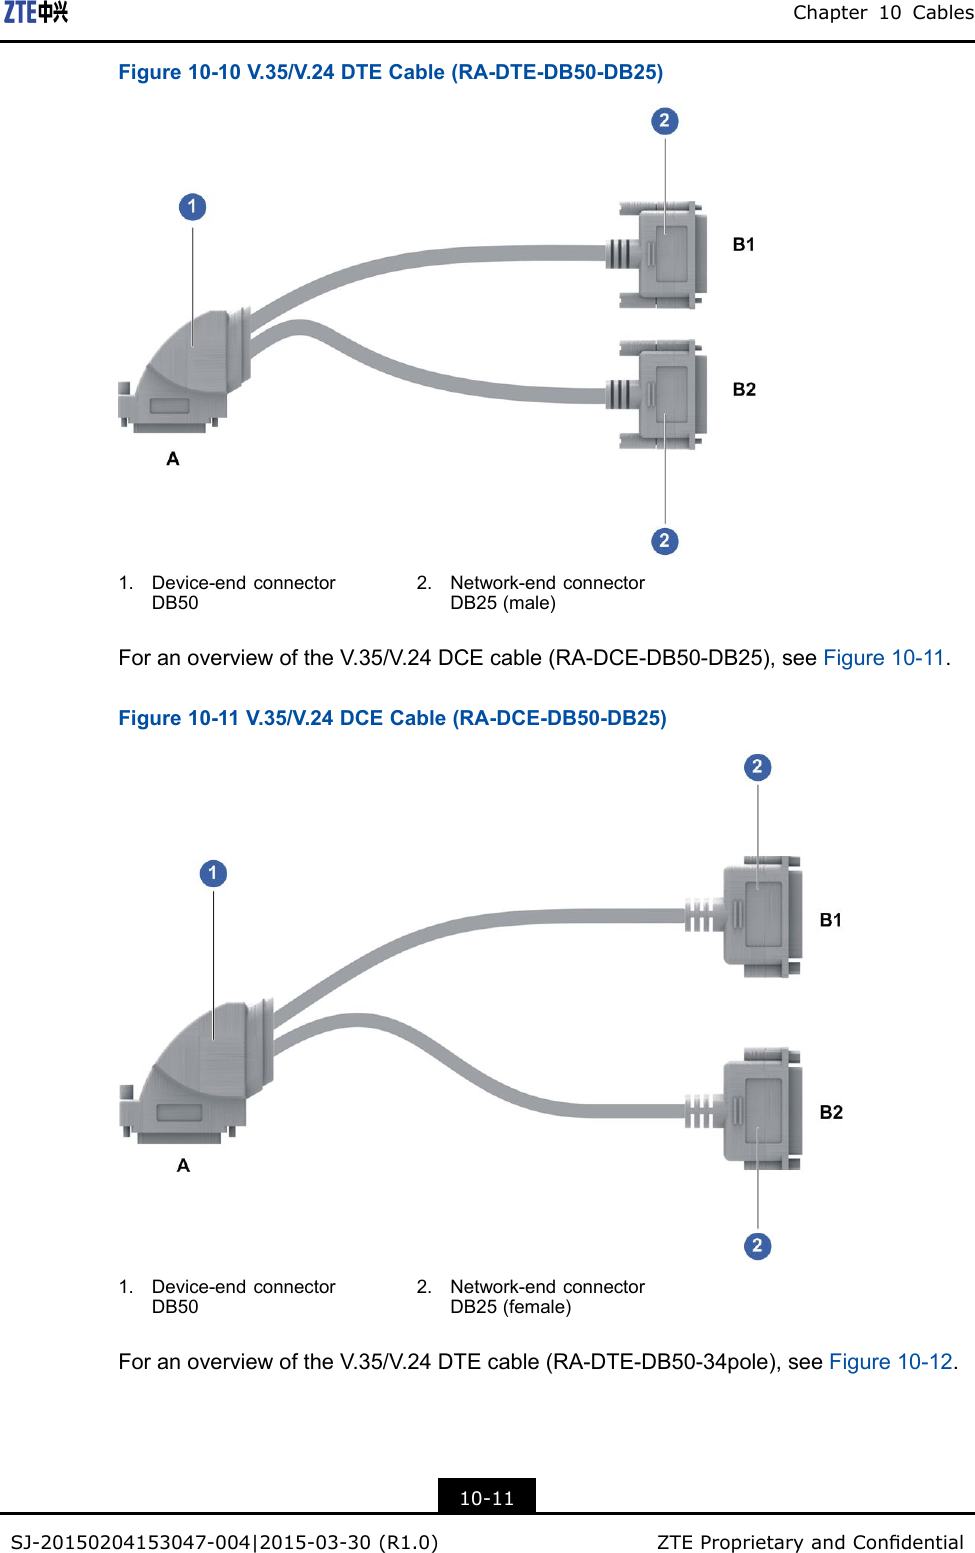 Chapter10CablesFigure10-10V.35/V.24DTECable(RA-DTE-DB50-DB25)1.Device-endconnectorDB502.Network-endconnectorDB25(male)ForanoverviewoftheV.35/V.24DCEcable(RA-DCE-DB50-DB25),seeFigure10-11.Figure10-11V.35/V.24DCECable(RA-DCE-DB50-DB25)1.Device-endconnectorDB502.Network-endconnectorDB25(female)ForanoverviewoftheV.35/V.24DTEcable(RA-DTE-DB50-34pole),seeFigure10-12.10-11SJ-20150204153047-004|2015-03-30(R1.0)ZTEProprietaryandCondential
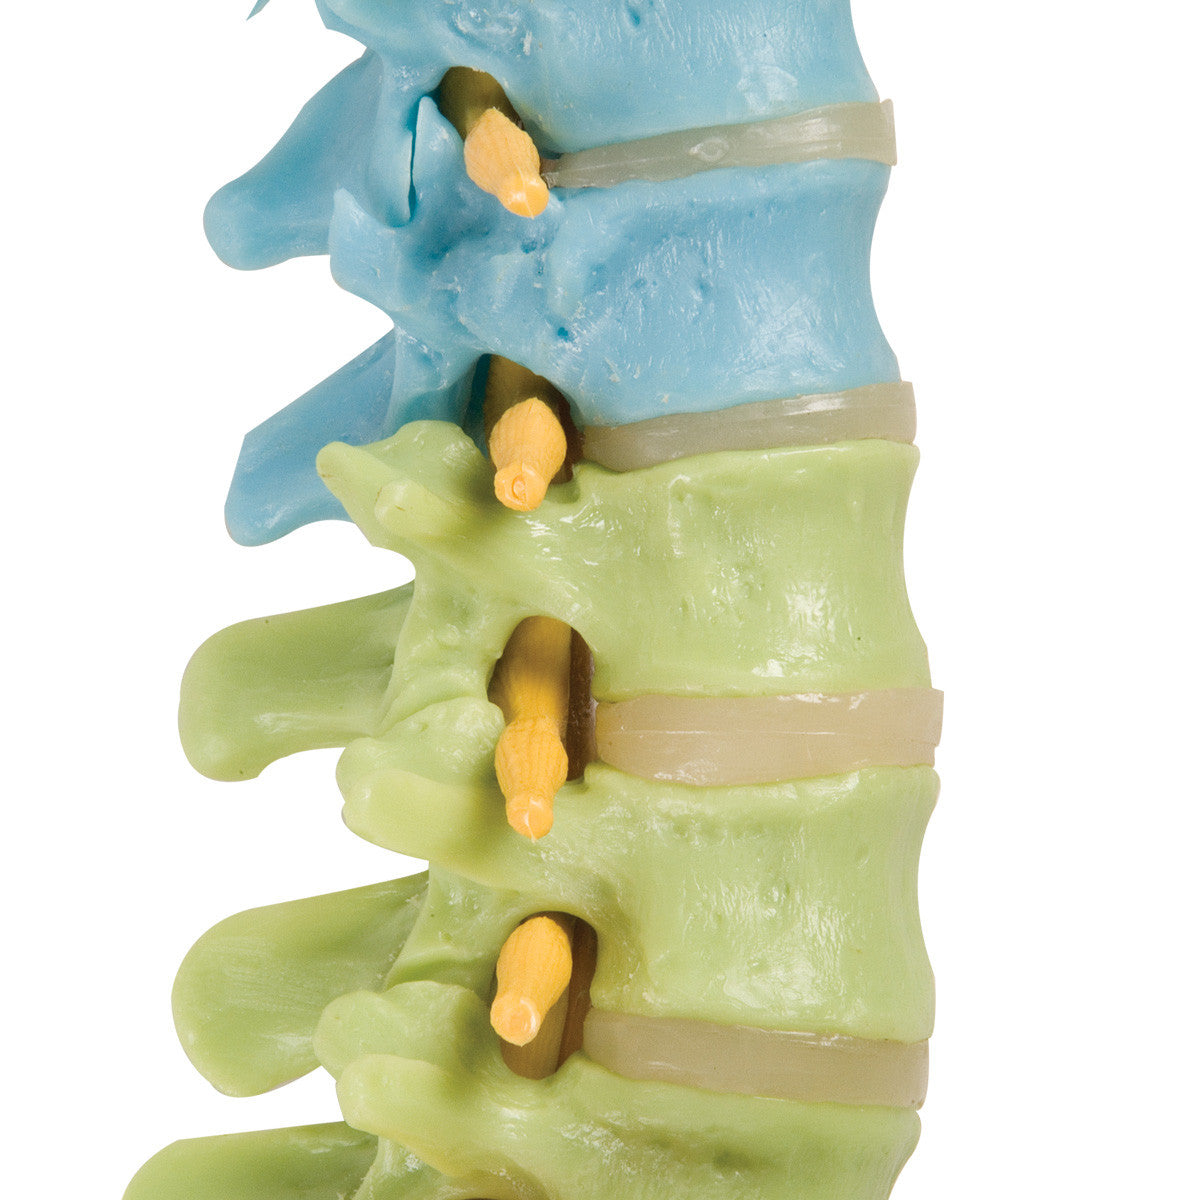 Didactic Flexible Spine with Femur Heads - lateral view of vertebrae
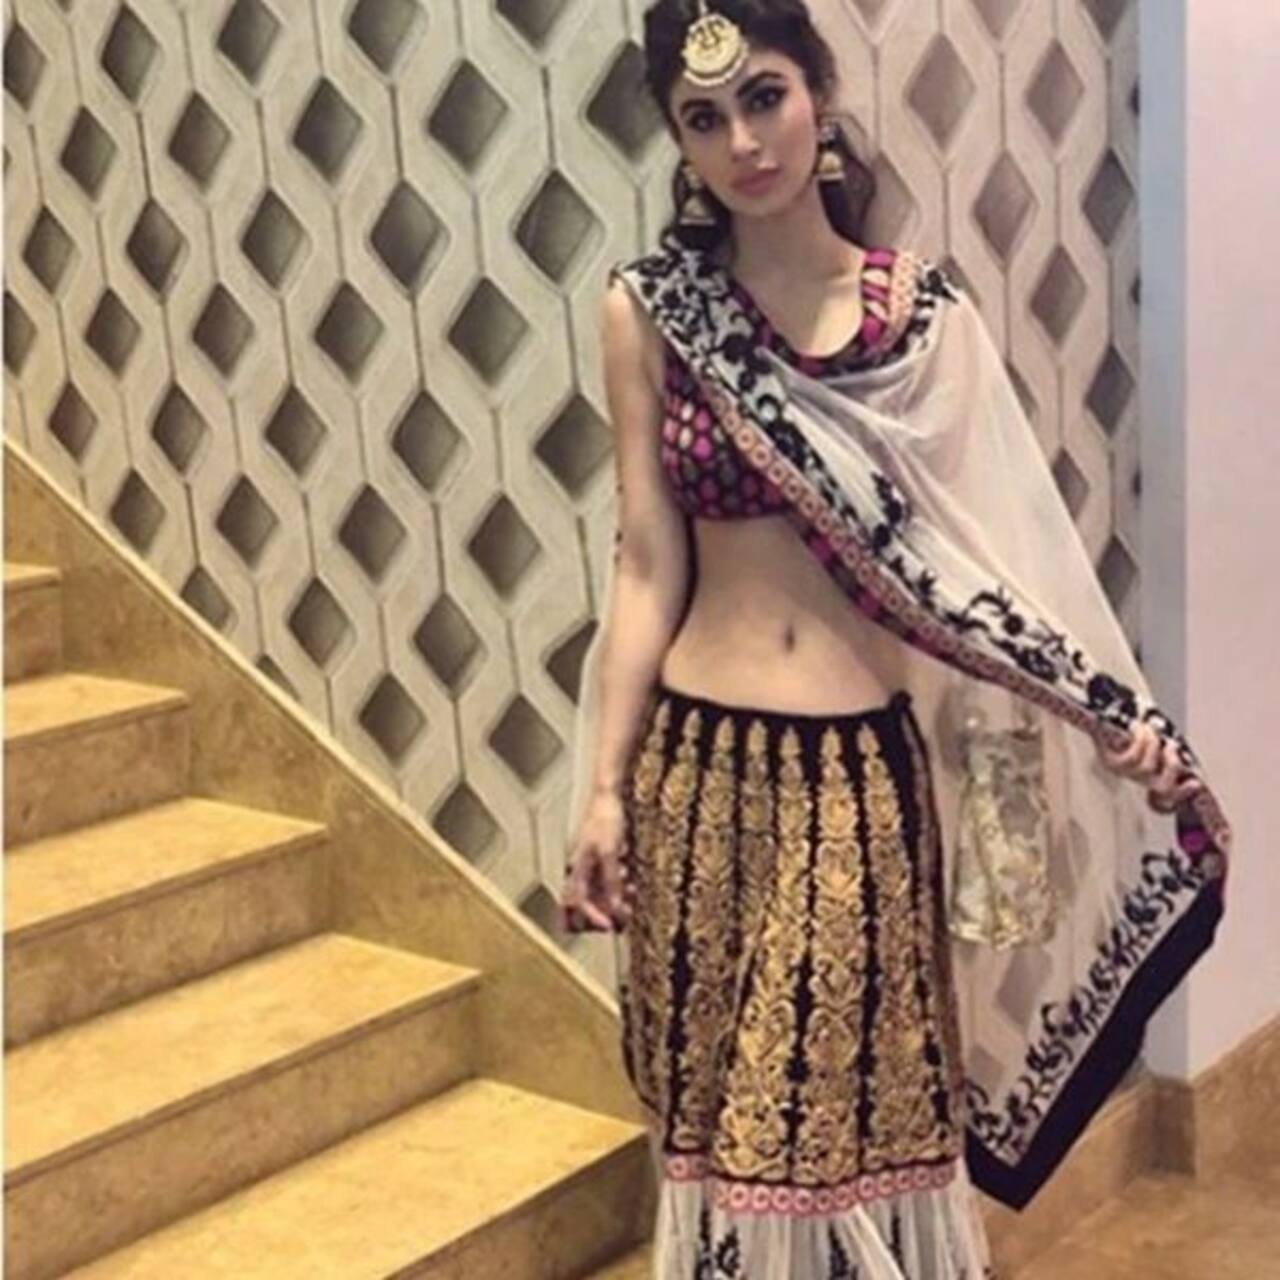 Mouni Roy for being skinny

--

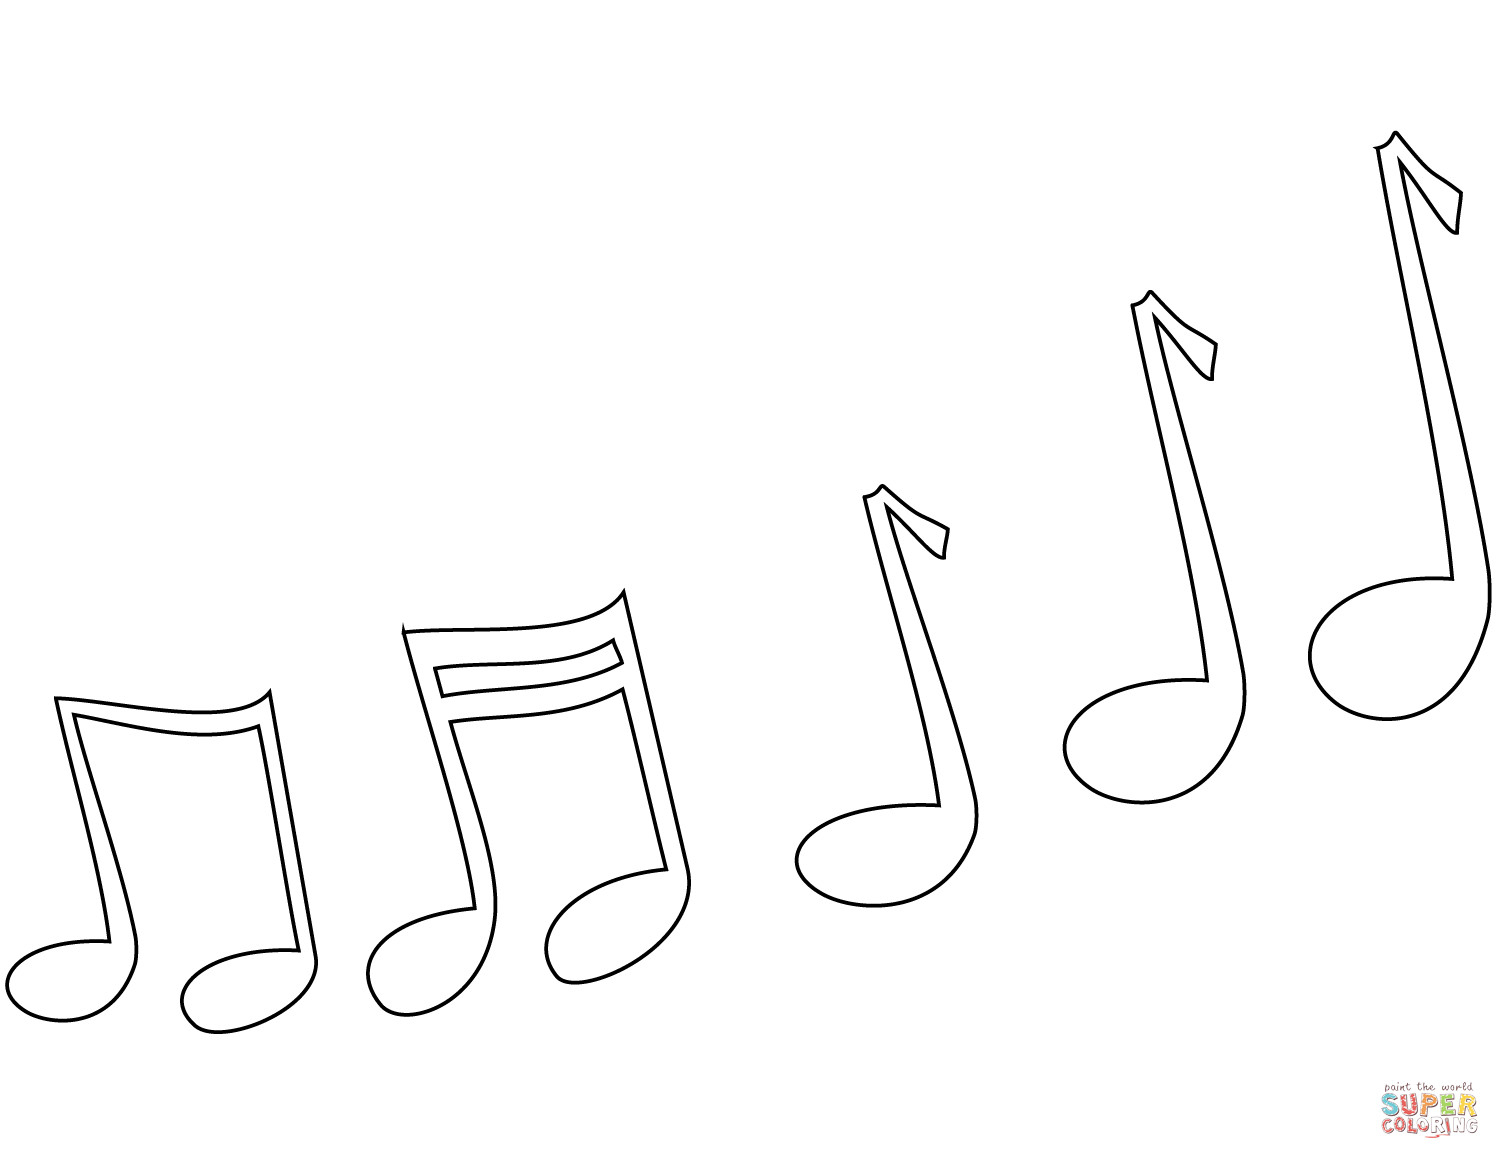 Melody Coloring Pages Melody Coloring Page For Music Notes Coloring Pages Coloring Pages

### Exercise instructions
Excerpt from the records above: set down only the lines from the one that contains "Didactic Flexible Spine" through the one that contains "Mouni Roy for being skinny", inclusive, word for word. Pictures stay out.

### Output of the exercise
 Didactic Flexible Spine with Femur Heads - lateral view of vertebrae
 Mouni Roy for being skinny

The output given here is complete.